The sample in this study was small, response rates were low and participants were drawn from one educational programme, which makes it difficult to generalise the findings. However, the participants were randomly selected from their cohorts which minimised selection bias. The use of placement reports for secondary analysis was a pragmatic approach to addressing the aims of the study, though it limited the data that was available. It was not possible to use observational or interview methods which may have provided additional insights, though students’ reports were signed off by their Practice Educator, who had observed their practice, thereby verifying their accuracy and acting as a form of triangulation. The findings could have been strengthened by interviews with agency staff or service users, though this was not possible within the constraints of this evaluation. In addition, there was no process data such as the number or duration of sessions to provide some context to the implementation of Connecting People. The students were not expected to record this information as the intervention model was designed to be integrated into their practice with all service users who may benefit from it and it is not important for fidelity assessment.

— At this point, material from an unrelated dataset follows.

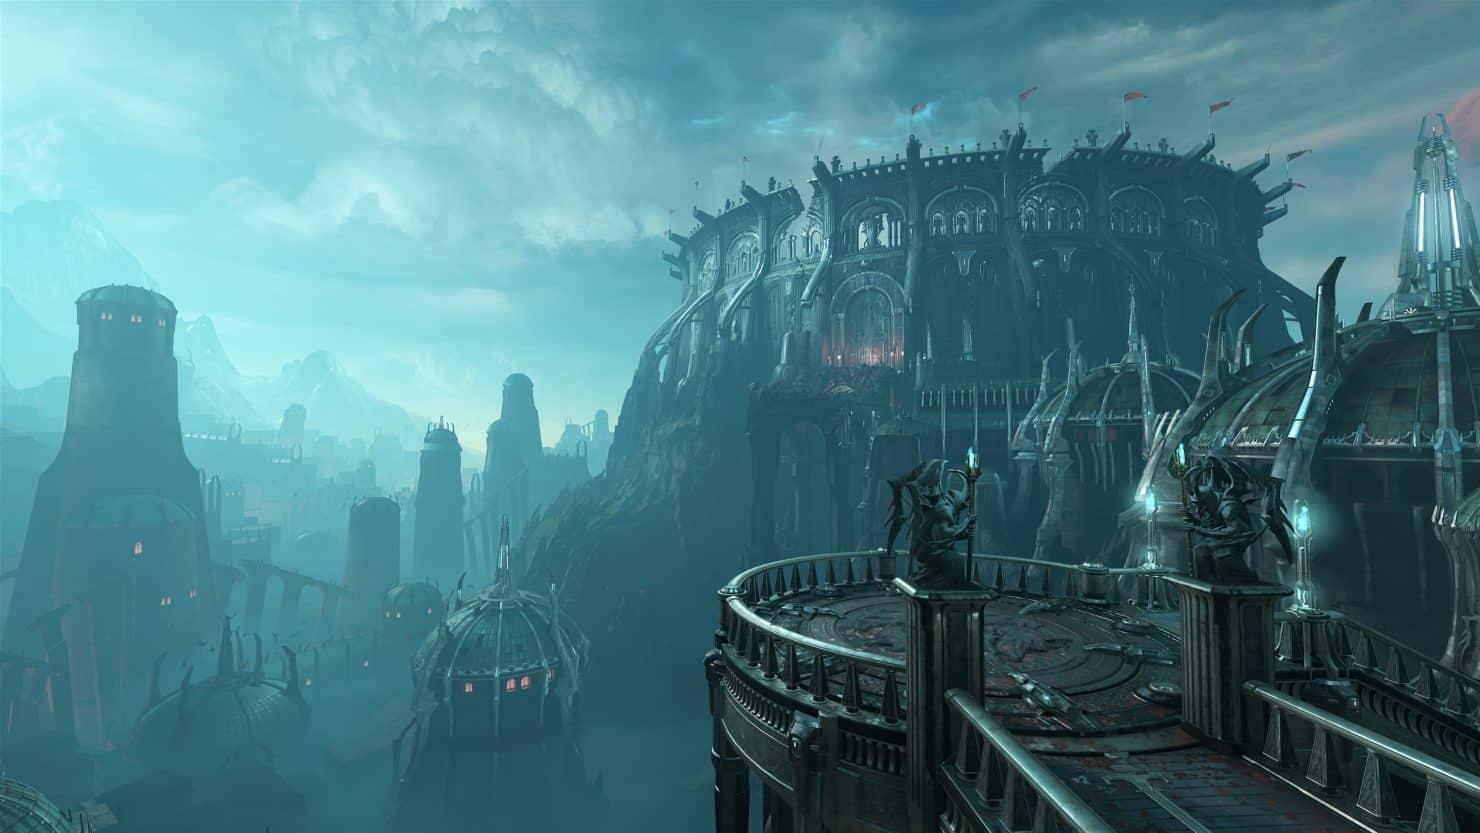 doom eternal 4 - DOOM Eternal - Primi dettagli, Immagini e gameplay

Also, the findings need to be interpreted in the context of an educational programme and it is acknowledged that the realities of practice as a qualified social worker are different. Finally, the paper’s authors were both involved in the teaching and management of the Think Ahead programme so may have an interest in highlighting its positive features. However, the authors have also identified examples of poor implementation and the external evaluation report reached similar conclusions about the feasibility of training social workers to use social interventions in mental health practice (Smith et al., 2019).

Conclusion

This study has indicated that it is possible to train students to use Connecting People in their mental health practice learning placements. Whilst there are examples of high-fidelity implementation, these are matched with accounts of practice that do not fully align with the intervention model. This study has explored some of the barriers to implementation and acknowledges the support that needs to be put in place to improve its adoption in routine practice. Further research is required to explore how strengths-based and place-based models such as Connecting People can best be implemented in routine practice by practitioners outside the context of a qualifying social work programme. If this can be achieved, it may help to enhance the identity of mental health social workers in generic roles, enabling them to articulate their unique contribution to mental health services, and, possibly, retaining them for longer in the profession.

Conflict of interest statement. None declared.